9. Chapter Nine
Chapter Nine
Susie
“Do you think Adam is hot, too?”
My pulse races as Josh’s words play on repeat. For a moment, I thought he was watching Adam and me talking at the stadium, but that wasn’t it at all. He’s jealous because he thought Brie was into Adam.
Another laugh racks my body, and I wrap my arm around my stomach, wiping tears from my eyes. I’ve been watching this back-and-forth between Josh and Brie for years. I don’t understand how they are entirely oblivious to their feelings for each other.
There isn’t one person in Pleasant Hollow who doesn’t see it…well technically that’s not true. There are two people.
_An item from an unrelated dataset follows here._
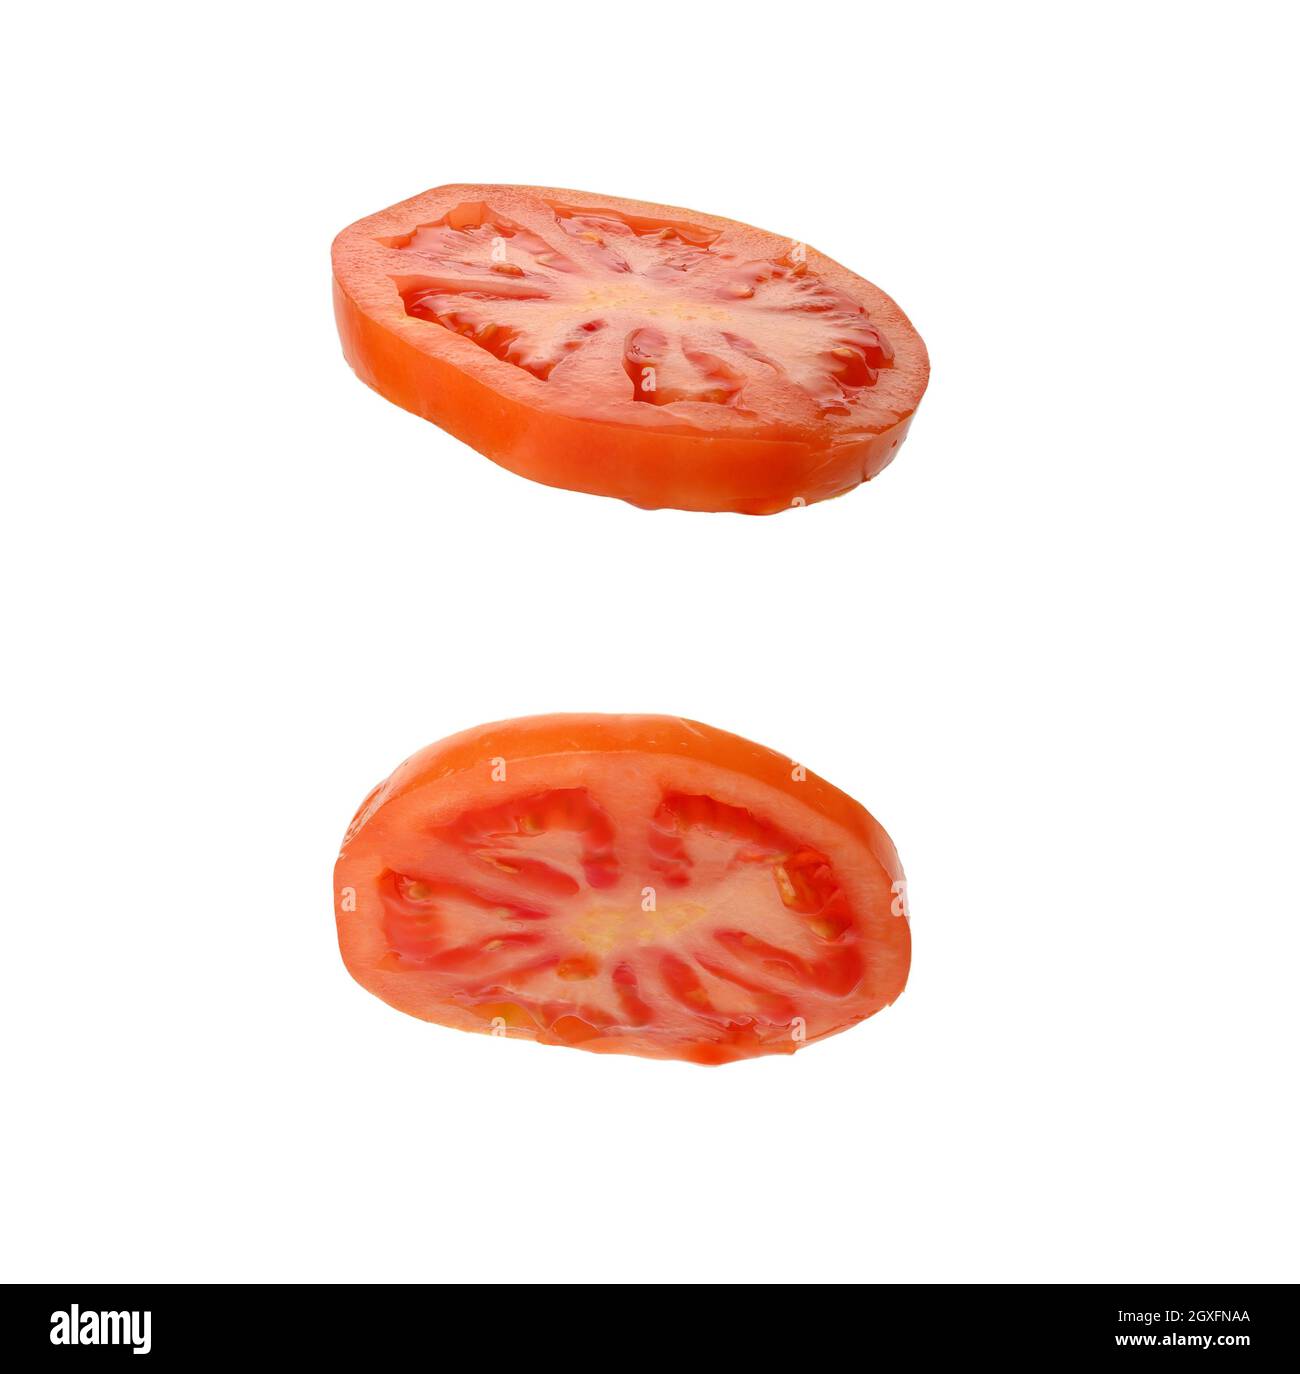 abbondante fetta di pomodoro rosso maturo isolato su sfondo bianco, primo piano Foto Stock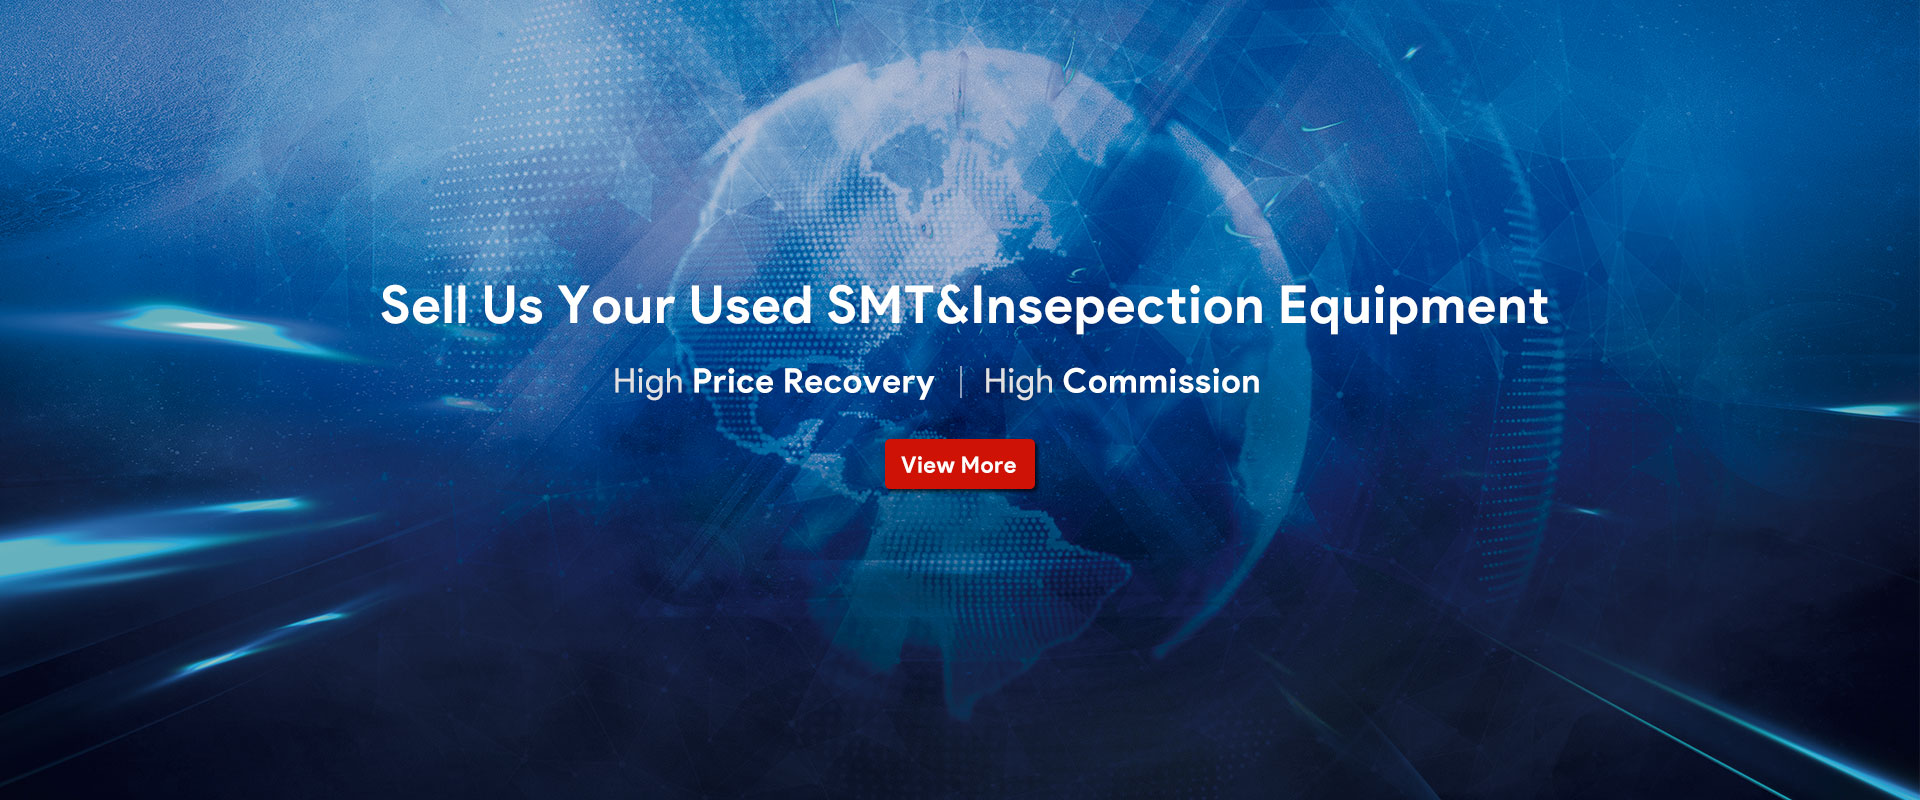 Bán cho chúng tôi thiết bị SMT &Insepection đã qua sử dụng của bạn

I shake my head and chuckle, then skip up the front steps and shove my key in the lock.
As I turn the doorknob, I recall Adam strolling through the locker room exit. The glint in his eyes when his gaze met mine. Heat ran through me, and he took my breath away when he ran his hand through his hair.
Do I think Adam Daniels is hot? Yes, big brother. I do. I really, really do.
Adam Daniels is more than hot. He’s the main male character poster child for romance authors like me. I don’t mean just his looks, though him being easy on the eyes is a plus. But for all the other things I’ve learned. He likes to read—possibly romance novels, and he’s someone I can talk to for hours.
The romantic in me can’t help but swoon—while the author in me can’t help but want him as my next book boyfriend.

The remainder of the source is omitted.